A method for producing lithium manganese iron phosphate, the method comprising: obtaining first precursor particles by mixing metal powder containing iron and manganese with a phosphate compound, and stirring and pulverizing; obtaining second precursor particles by mixing the first precursor particles with a lithium source, and stirring and pulverizing; and calcining the second precursor particles to obtain lithium manganese iron phosphate.

Claims

1. A method for producing lithium manganese iron phosphate, the method comprising: obtaining first precursor particles by mixing metal powder containing iron and manganese with a phosphate compound, and stirring and pulverizing; obtaining second precursor particles by mixing the first precursor particles with a lithium source, and stirring and pulverizing; and calcining the second precursor particles to obtain lithium manganese iron phosphate.

2. The method for producing lithium manganese iron phosphate according to claim 1, wherein a molar ratio of iron and manganese to phosphorus in the second precursor particles is 5:4.

3. The method for producing lithium manganese iron phosphate according to claim 1, wherein the metal powder is ferromanganese.

4. The method for producing lithium manganese iron phosphate according to claim 1, wherein in the obtaining second precursor particles, a carbon source is further added, and the mixture is stirred and pulverized.

Description

BRIEF DESCRIPTION OF THE DRAWINGS

[0017] FIG. 1 is a schematic flowchart of a method for producing lithium manganese iron phosphate in the present embodiment.

[0018] FIG. 2a is an explanatory view illustrating a step in the method for producing lithium manganese iron phosphate of the present embodiment.

[0019] FIG. 2b is an explanatory view illustrating another step in the method for producing lithium manganese iron phosphate of the present embodiment.

[0020] FIG. 2c is an explanatory view illustrating another step in the method for producing lithium manganese iron phosphate of the present embodiment.

[0021] FIG. 2d is an explanatory view illustrating another step in the method for producing lithium manganese iron phosphate of the present embodiment.

[0022] FIG. 2e is an explanatory view illustrating another step in the method for producing lithium manganese iron phosphate of the present embodiment.

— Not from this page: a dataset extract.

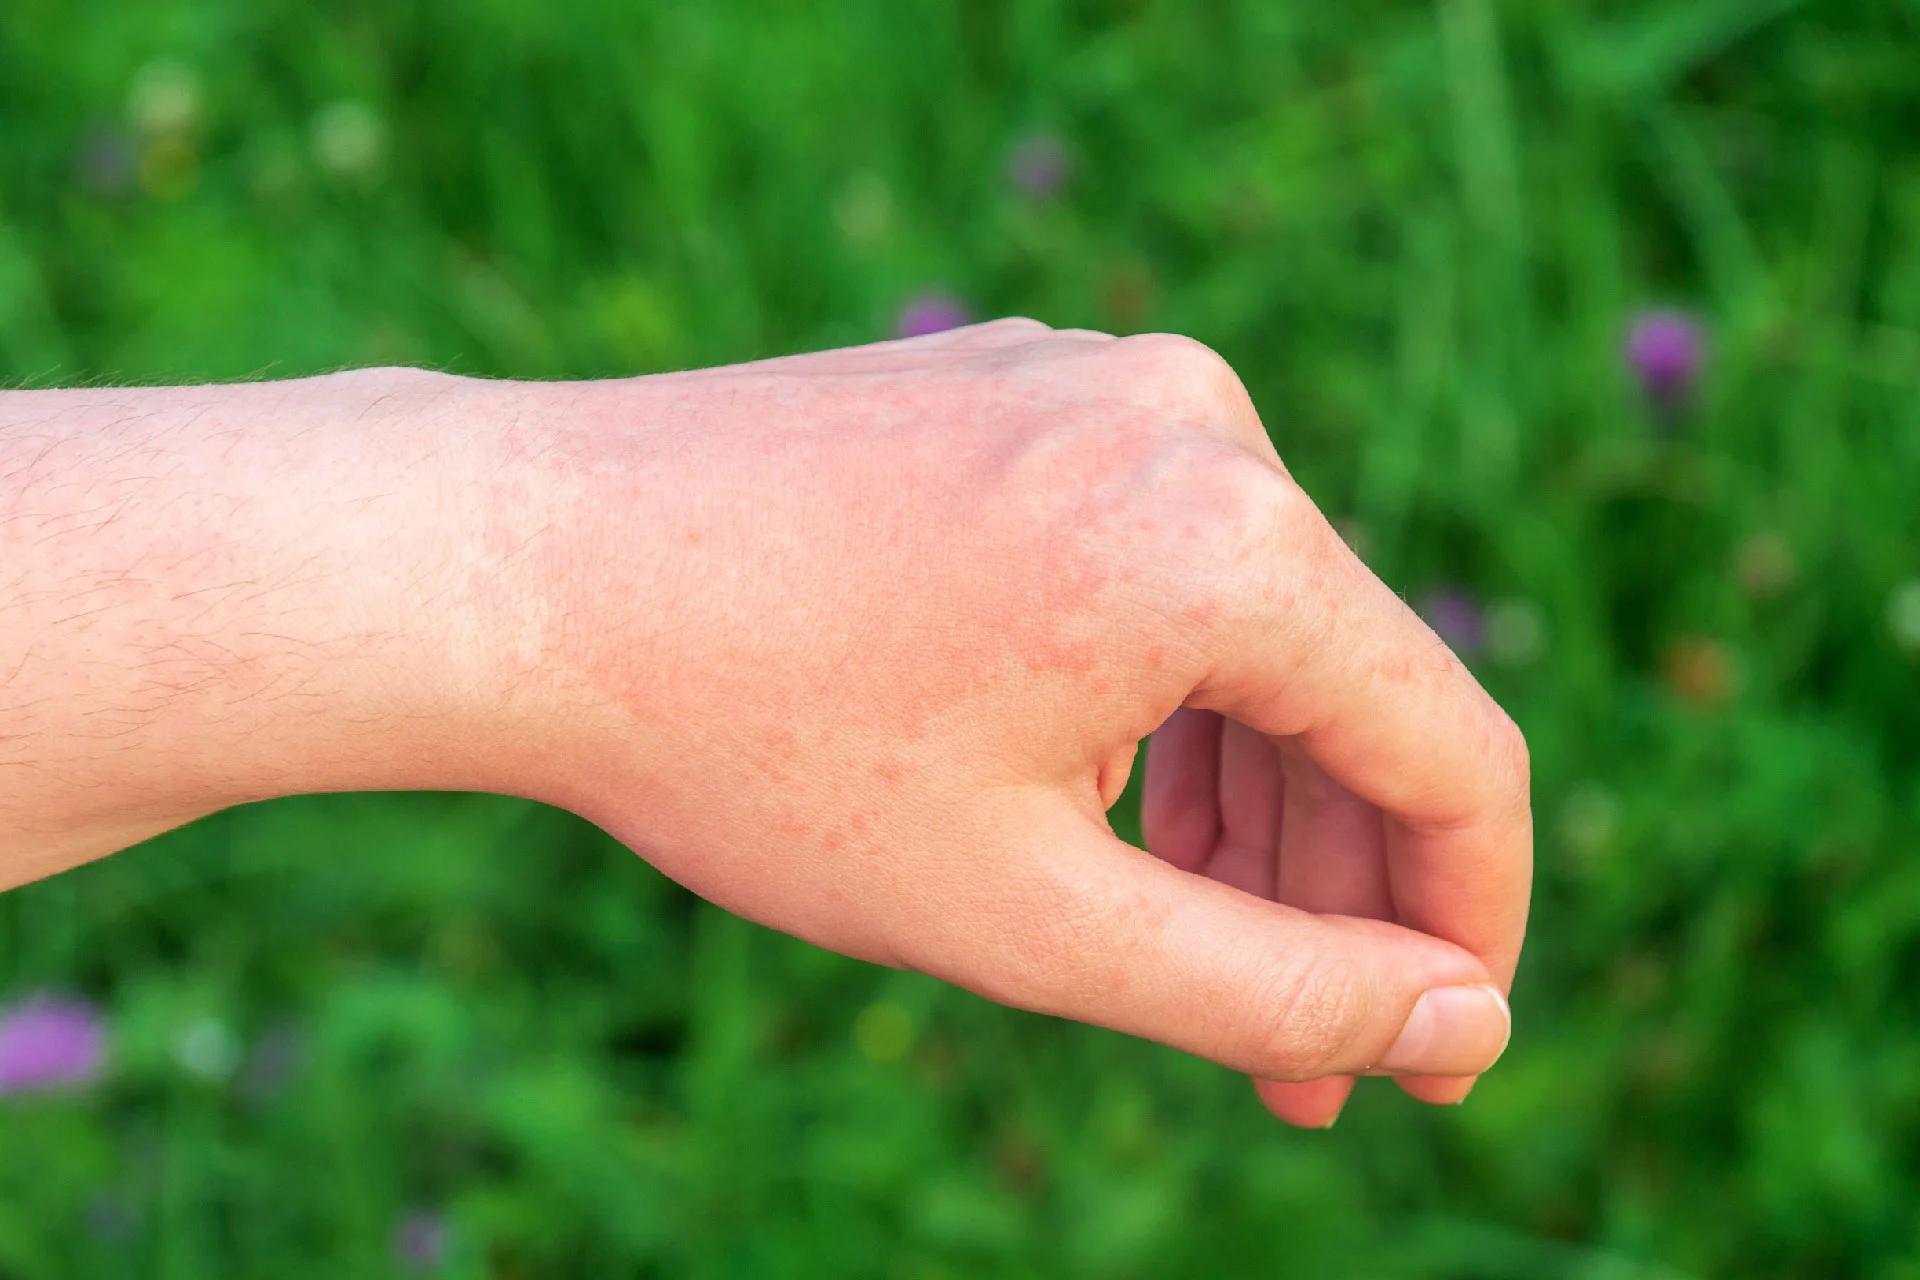 फंगल त्वचा संक्रमण: कारण, प्रारंभिक लक्षण, प्रकार और उपचार

[0023] FIG. 2f is an explanatory view illustrating another step in the method for producing lithium manganese iron phosphate of the present embodiment.

[0024] FIG. 3 is an example of an SEM image of lithium manganese iron phosphate of No. 1.

[0025] FIG. 4 is an example of an SEM image of lithium manganese iron phosphate of No. 2.

DESCRIPTION OF THE EMBODIMENTS

[0026] Hereinafter, embodiments of the present disclosure (Hereinafter, it may be abbreviated as the present embodiment.) and examples of the present disclosure (Hereinafter, it can be abbreviated as the present example.) will be described. However, the present embodiment and the present example do not limit the technical scope of the present disclosure.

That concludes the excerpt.